New York employers that include confidentiality or nondisparagement clauses in any agreement they enter into with an employee – including offer letters, employment agreements, restrictive covenant/noncompete agreements, severance agreements or settlement agreements – must ensure those clauses comply with the new federal Speak Out Act and with existing New York State law. Those laws impose restrictions at different stages of the employment relationship, and thus present complementary, but navigable, restrictions for employers.
Limitations on Clauses Prior to Any Employment Dispute
The Speak Out Act, which took effect December 7, 2022, renders unenforceable any confidentiality or nondisclosure clause, or any nondisparagement clause, in a contract or agreement with an employee if:
- it is entered into before a dispute has arisen and
- it limits employees from disclosure or comment on a sexual assault or sexual harassment complaint.
Under the federal law, employees must be permitted to discuss “conduct,” the existence of a settlement involving “conduct,” or information covered by the terms and conditions of the contract or agreement. The law does not define “conduct,” but it is presumably referring to the facts and circumstances related to a sexual harassment or sexual assault claim.
The Speak Out Act does not apply to other types of employment disputes, including any category of harassment complaint other than sexual harassment. It expressly states that it is not meant to preclude employers from protecting trade secret or proprietary information. It therefore does not invalidate most aspects of a typical restrictive covenant agreement, but employers must take care when drafting their agreements and tailor their language so the agreements cannot be construed as violating the Speak Out Act.

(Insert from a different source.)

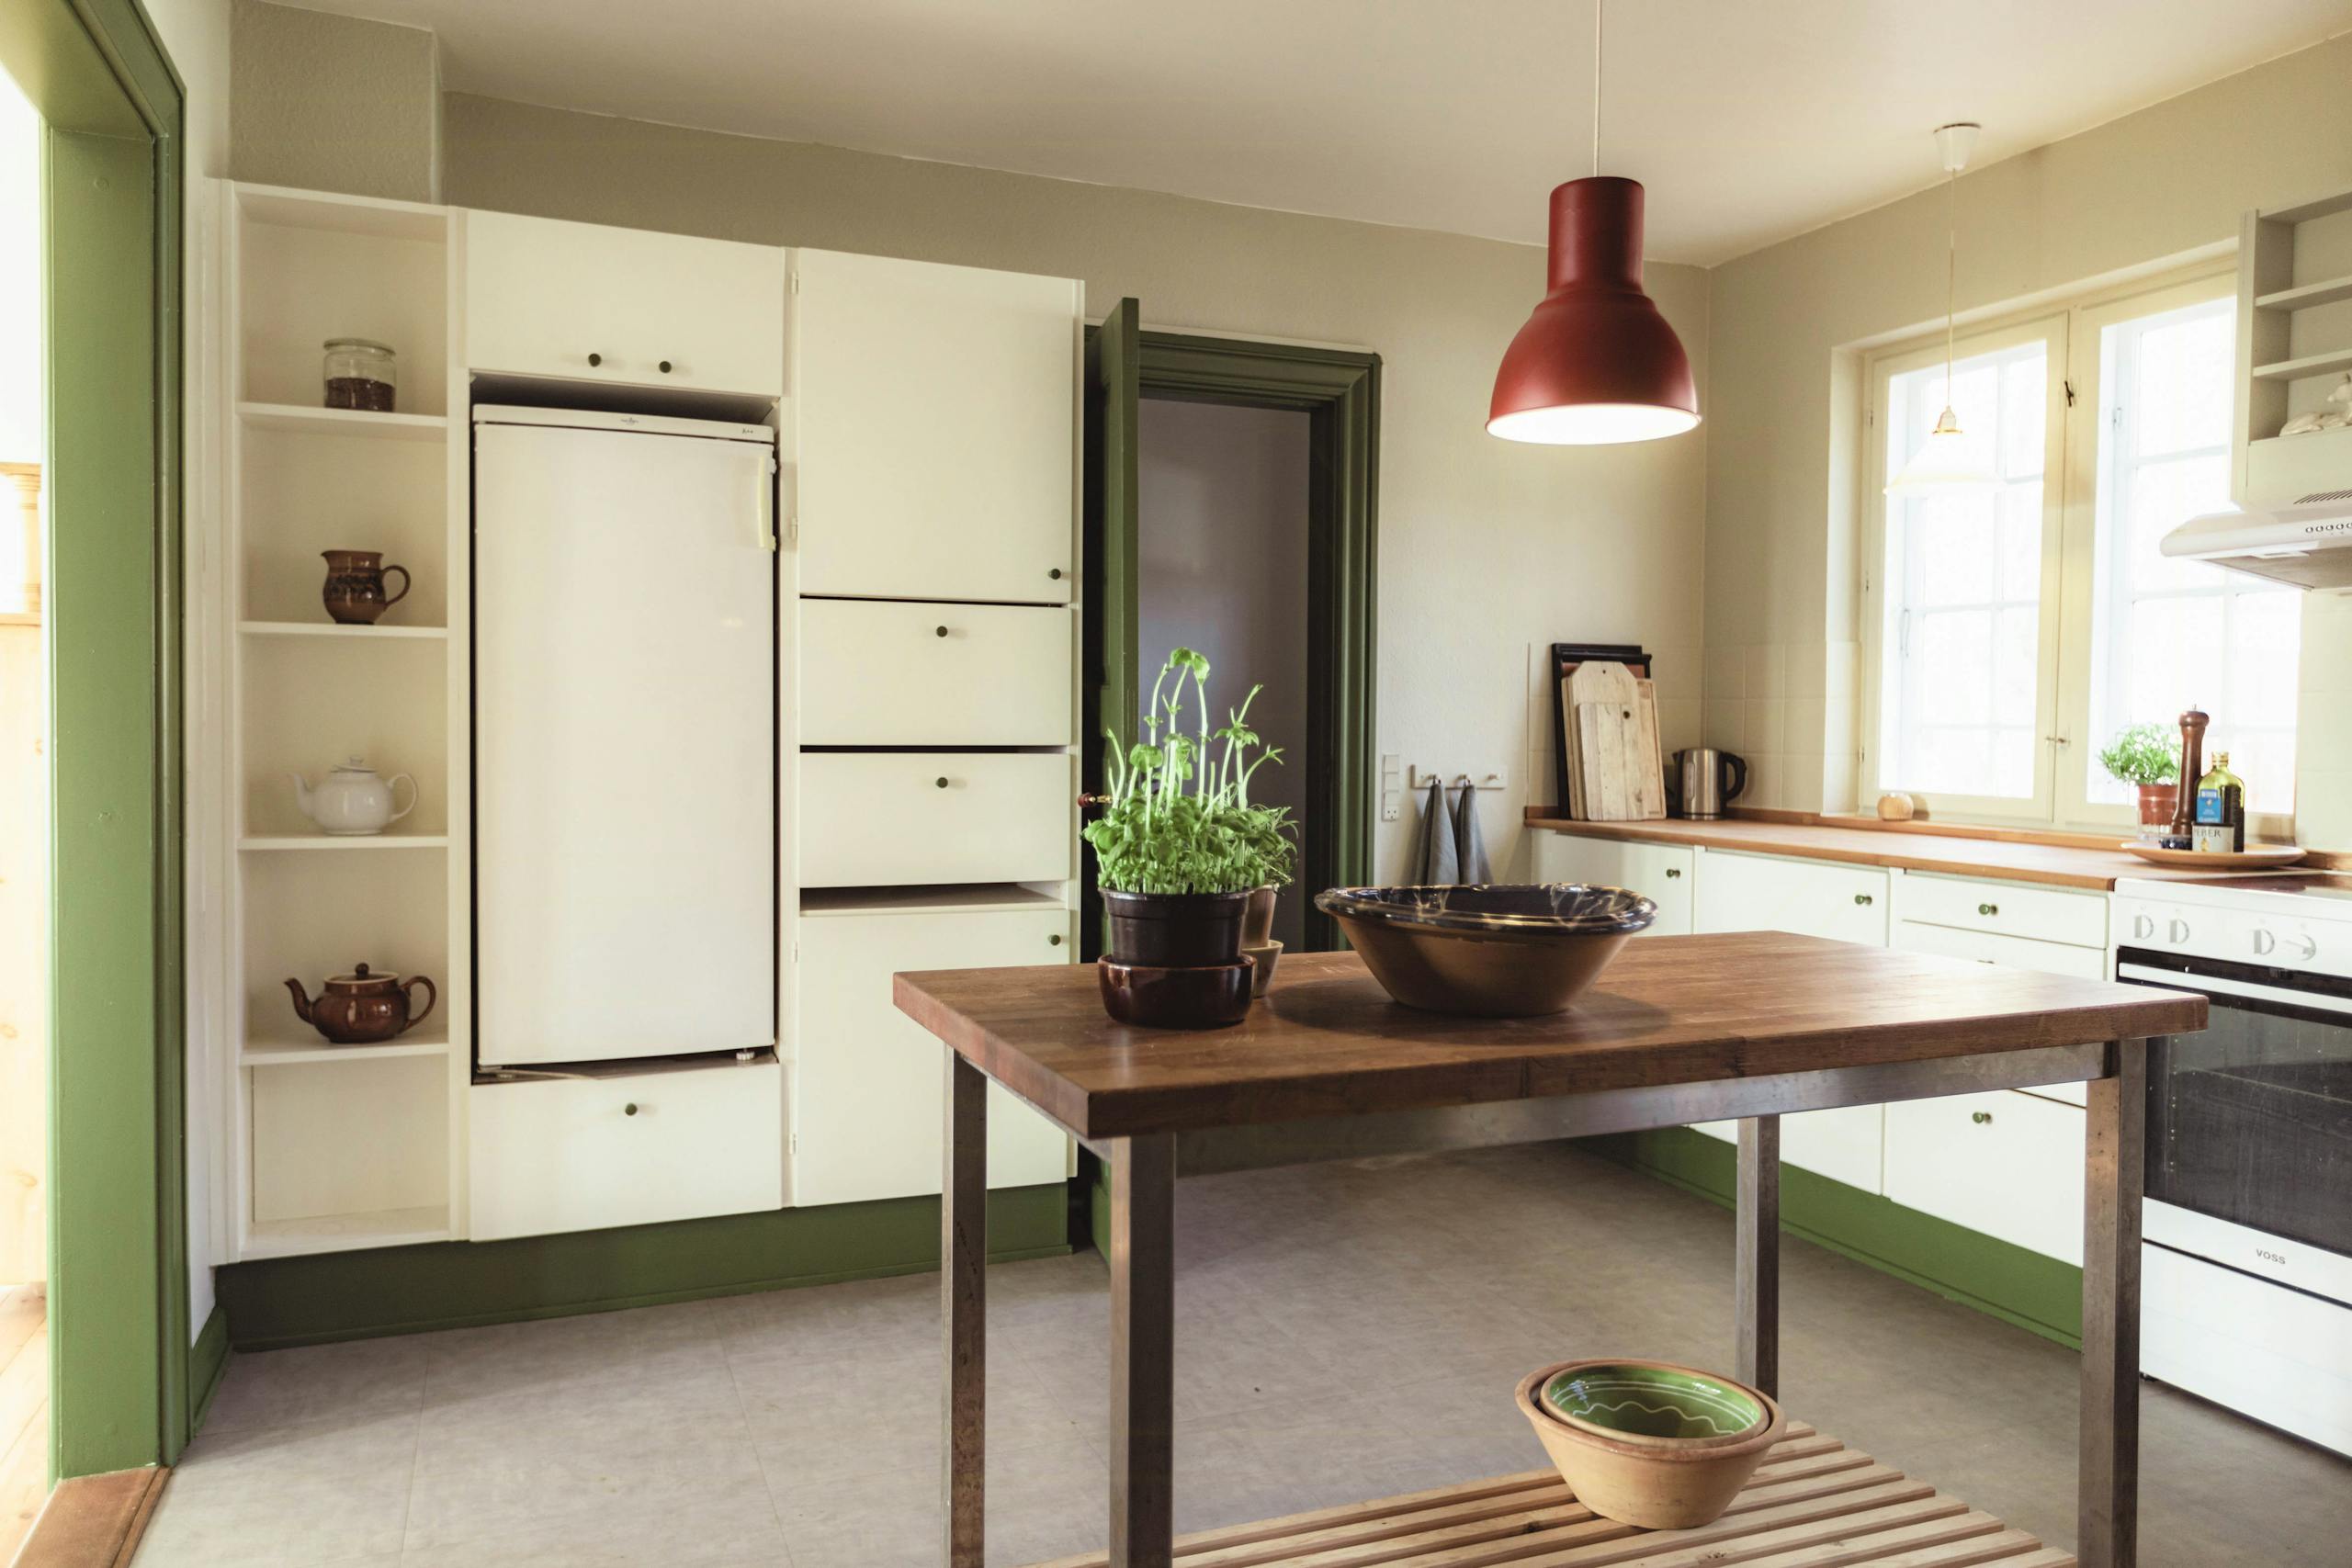 Transform the kitchen in your holiday home in 7 easy steps

Employers drafting pre-dispute employment agreements with confidentiality restrictions must additionally ensure that their agreements comply with New York State law. New York law renders unenforceable any agreement between an employer and employee that prevents the disclosure of factual information related to any future claim of discrimination unless the agreement notifies the employee that it does not prohibit the employee from speaking with law enforcement, the Equal Employment Opportunity Commission, state and local human rights commissions, or an attorney.

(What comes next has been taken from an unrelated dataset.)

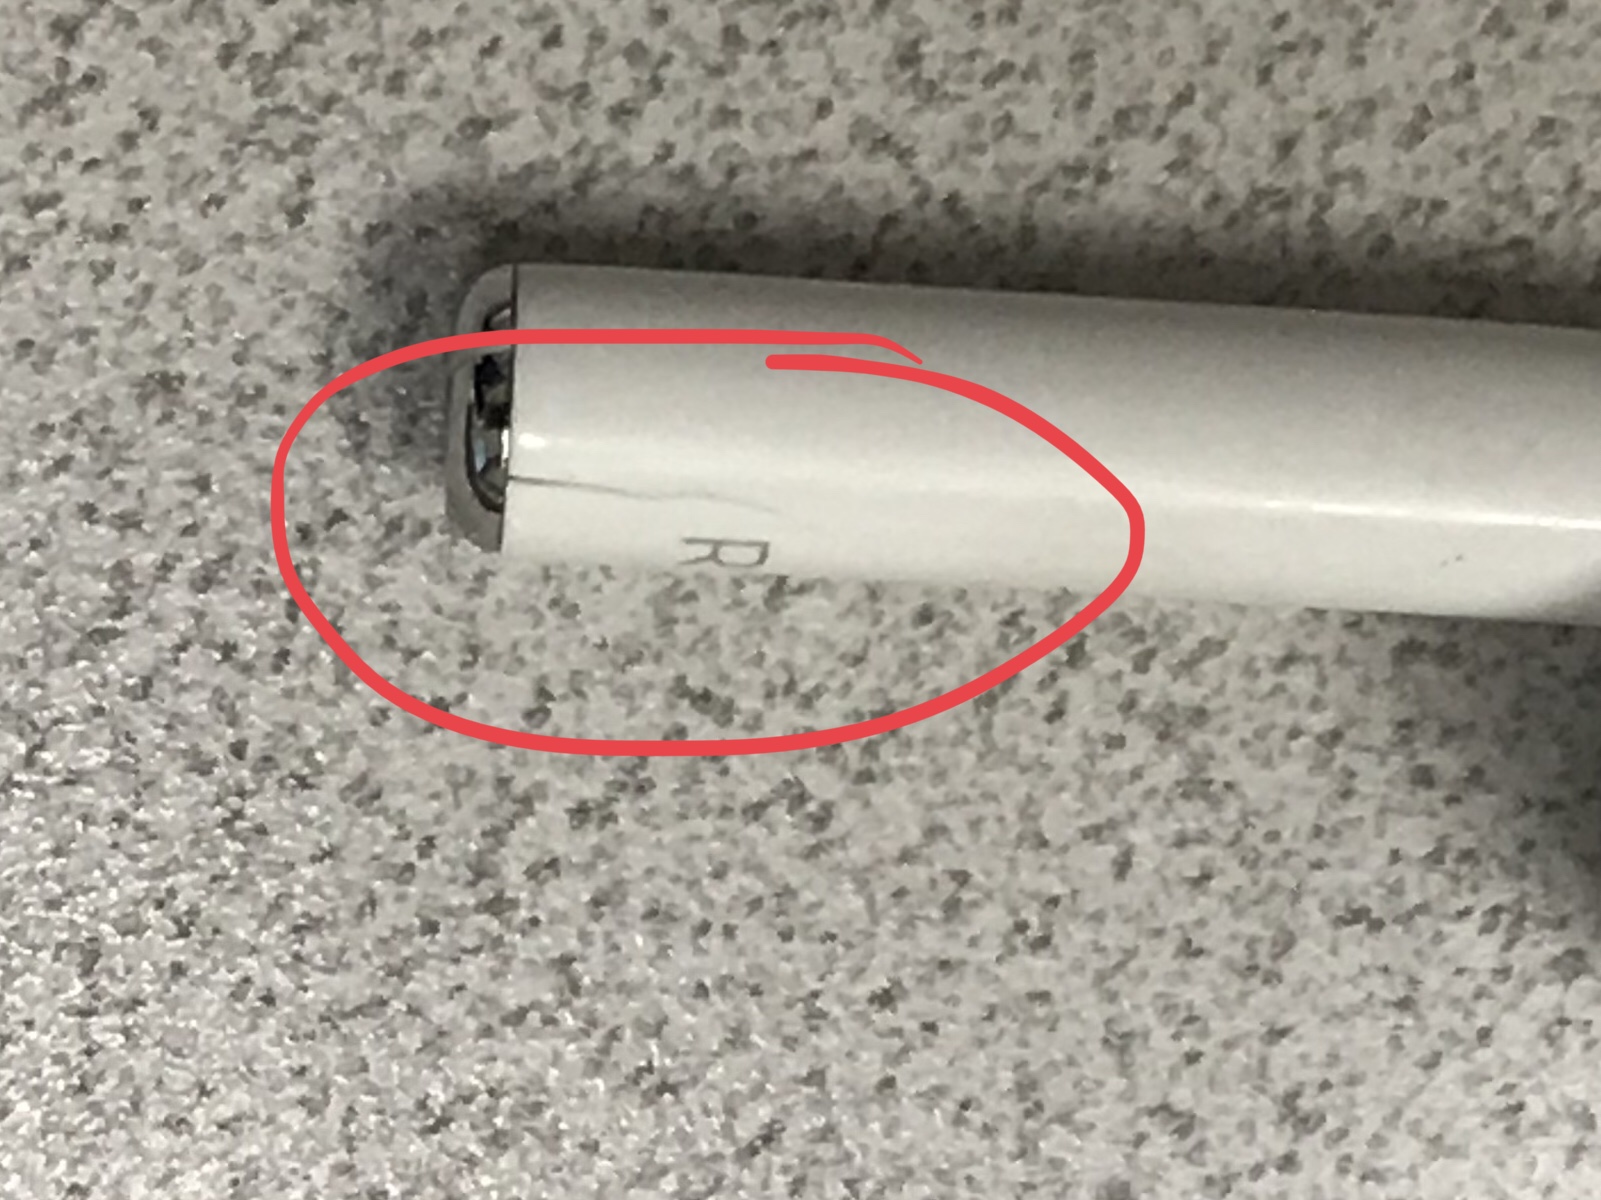 Hairline crack on airpods pro - Apple Community

Limitations on Clauses Once a Dispute Arises
Because the Speak Out Act only applies to pre-dispute agreements, it permits employers to include confidentiality and nondisparagement clauses in settlement agreements with employees once an employee has asserted a sexual harassment or sexual assault claim. New York law, however, imposes limitations on employers in this context.
New York State prohibits employers from entering into any agreement resolving a discrimination claim that would prevent the person who complained from disclosing the underlying facts and circumstances of the harassment. New York’s law is broader than the Speak Out Act in that it applies to all discrimination and harassment complaints, not just sexual harassment. But it is narrower in that it:
- only applies to the facts and circumstances underlying the harassment complaint;
- is limited to agreements that are resolving a discrimination claim; and
- does not place any additional limitations on nondisparagement clauses.

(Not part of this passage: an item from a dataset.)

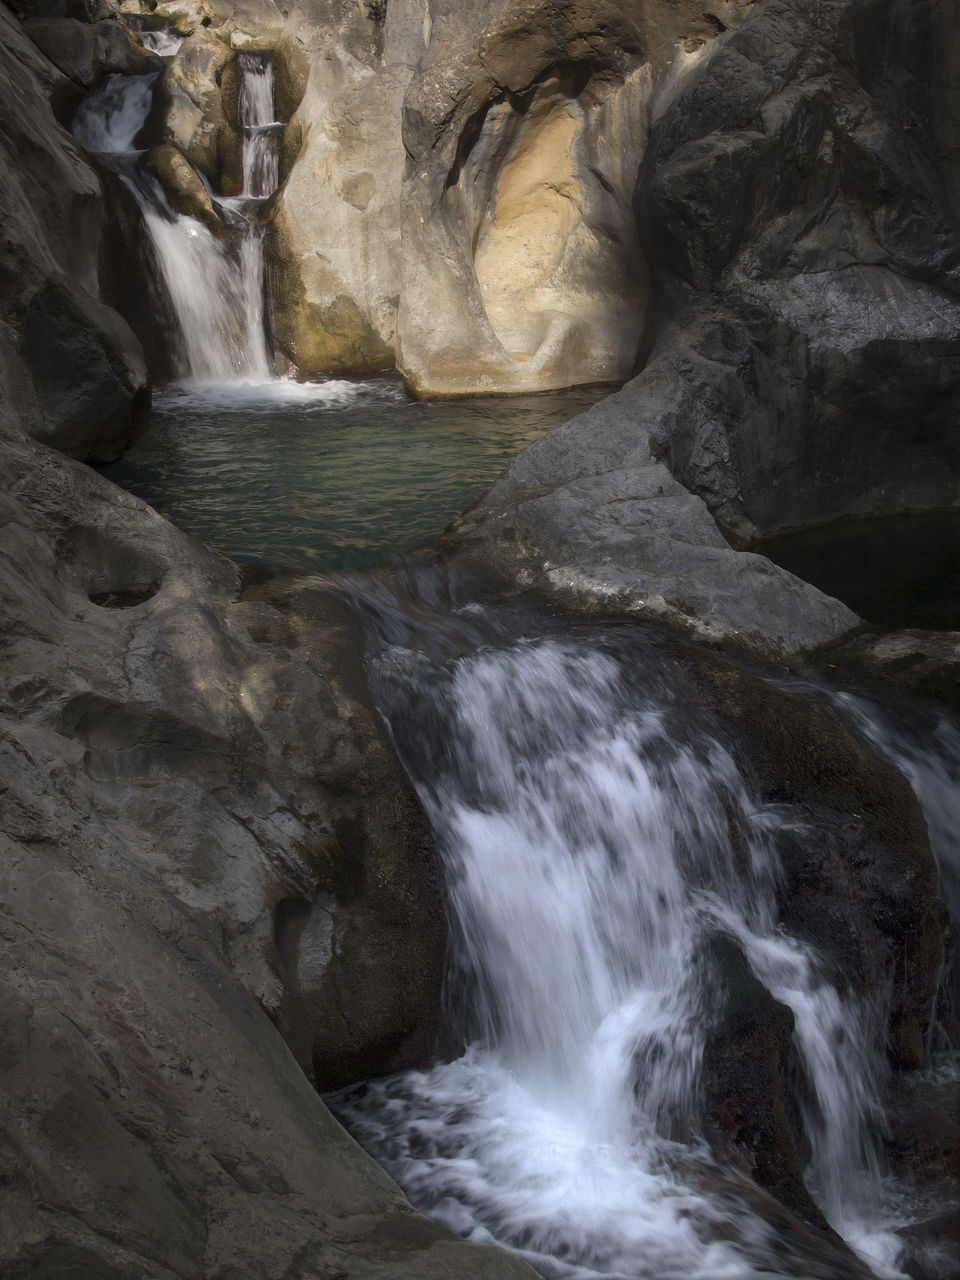 SCENIC VIEW OF WATERFALL IN ROCKS

New York does not preclude confidentiality clauses that apply to other aspects of the parties’ employment relationship, and the law’s confidentiality restrictions do not apply to severance agreements (where employment is being terminated outside the context of a discrimination claim).
New York also permits a process whereby, in settling a discrimination claim, an employee who wishes to keep the matter confidential can enter into a written confidentiality agreement with the employer that is separate from the settlement agreement. The law dictates very specific terms to this confidentiality agreement, including that employees be granted a full 21 days to consider the agreement (and FAQs issued by the New York State Division of Human Rights provide that the employee cannot sign before the end of the 21-day period), and have seven days post-signing to reconsider and revoke their agreement. The confidentiality clause also cannot restrict an employee from providing information in response to a subpoena or in the context of a government investigation of a complaint, or from disclosing information necessary to receive unemployment insurance, Medicaid or other public benefits.
Where that Leaves Employers
Federal and New York law collectively still permit employers to impose confidentiality and nondisparagement restrictions on employees. Employers must, however, draft those clauses in the pre-dispute context to permit the disclosure of information protected by the Speak Out Act and to include the clarifying notification where required under New York State law. When settling a discrimination claim, New York employers need to ensure any confidentiality restrictions do not extend to the facts and circumstances of the underlying claim, unless the employee also desires confidentiality and the employer complies with the state’s procedural requirements for entering into a post-dispute written confidentiality agreement.